As noted in the Introduction, in contrast to these null results, a couple of studies used the manual Stroop task and reported finding sizeable negative priming effects (Besner, 2001; Raz and Campbell, 2011). Besner (2001, Experiment 3) presented Stroop stimuli in which only a single letter was colored, and in an experiment in which 80% of the trials were incongruent and 20% were congruent, the Stroop congruence effect was minimal (1 ms). Despite the absence of the Stroop congruence effect, Besner reported finding a large (52 ms) negative priming effect. Raz and Campbell (2011) used an equal proportion of congruent, incongruent and neutral trials, and reported that in high-hypnotizable participants a post-hypnotic suggestion for word blindness (that the words would appear “gibberish”) reduced the Stroop congruence effect, but it did not impact on the size of negative priming effect (20 ms with the word blindness suggestion present and absent). Augustinova and Ferrand’s (2014) call to investigate the negative priming effect was made with these studies in the background, with the dissociative effects of single letter coloring manipulation and/or word blindness suggestion on the Stroop congruence effect and the negative priming effect as a theoretical puzzle that needs to be solved.
However, a closer look at these studies suggests that how the negative priming effect was calculated is not the same as Neill (1977).

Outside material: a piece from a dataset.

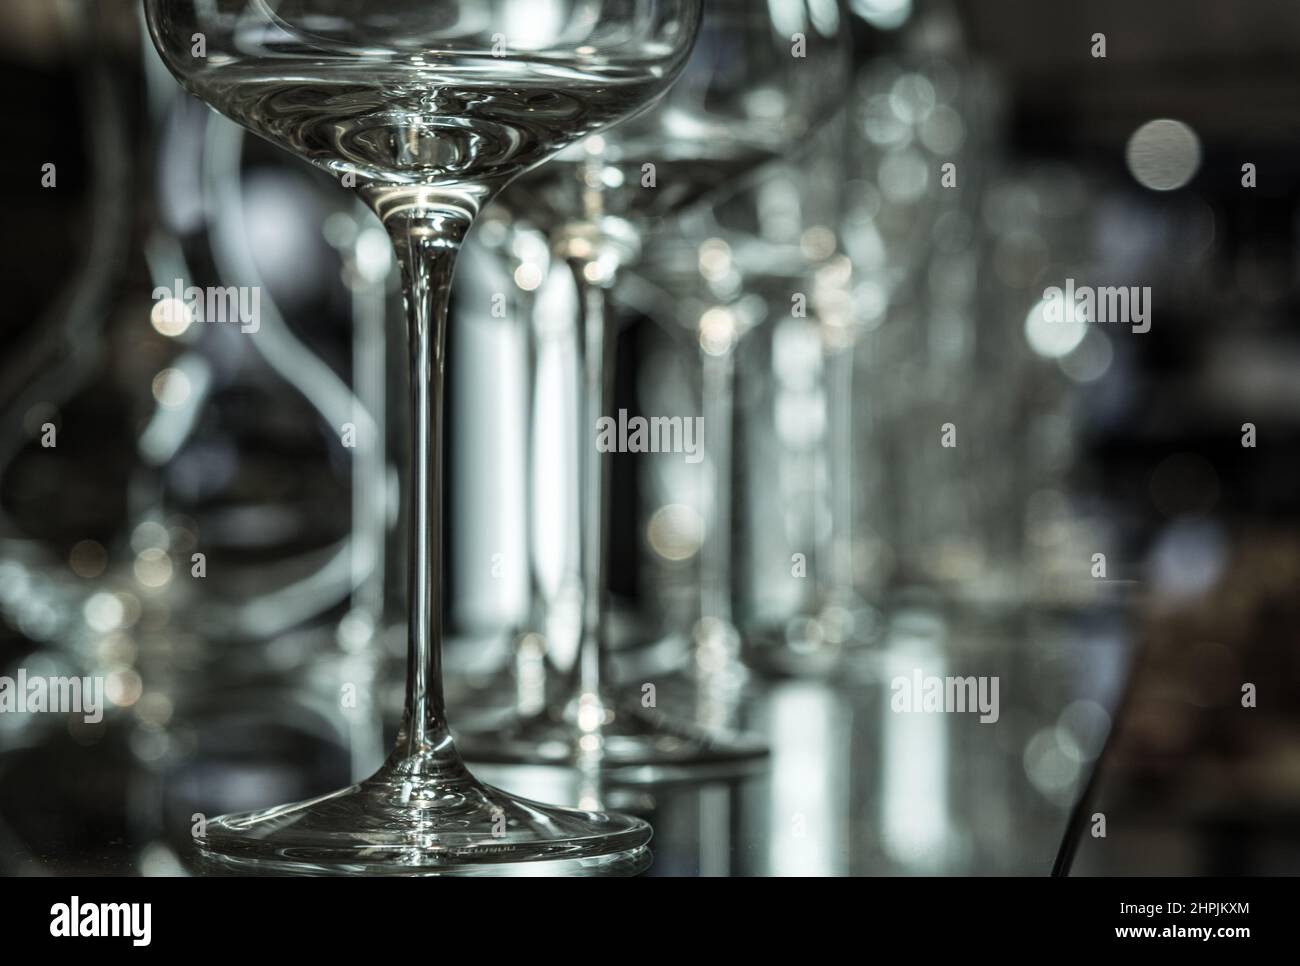 beautiful wine glasses in front of dark background Stock Photo

Specifically, Besner (2001) wrote “All incongruent trials in which a stimulus was preceded by an incongruent trial on which the response was correct were classified either as related, in which case the irrelevant word on the previous trial was the same as the color on the current trial, or as unrelated, in which case the irrelevant word on the previous trial was different from the color on the current trial.” (p. 327). From this description, it appears that while the definition of the “related” condition is the same as that described by Neill (1977) corresponding to the WORD-COLOR condition here, Besner’s “unrelated” condition seems to have included all other conditions (i.e., COLOR-COLOR, WORD-WORD, etc.), not just the NONE condition. This is also the case with Raz and Campbell (2011). They defined as the “NP (negative priming)” trial those in which two consecutive trials were incongruent and the distractor word on the preceding trial matched the target color of the current trial, and as CTRL (control) trials “an incongruent trial pair wherein the word ignored in the first trial was different from the ink color of the immediately following trial” (p. 313). It is apparent from the examples shown in their Figure 1 (p. 314) that the CTRL condition included not only the NONE condition, but also the WORD-WORD condition (and though not shown in the example, their definition could also include the other conditions like COLOR-COLOR, and COLOR-WORD). The fact that Raz and Campbell noted that there were almost three times as many CTRL trials (2691) as the NP trials (1021) suggests that the CTRL trials were not the same as Neill’s “unrelated” (“NONE”) trials, because the frequency of “related” and “unrelated” trials, expected by chance, should be roughly equal.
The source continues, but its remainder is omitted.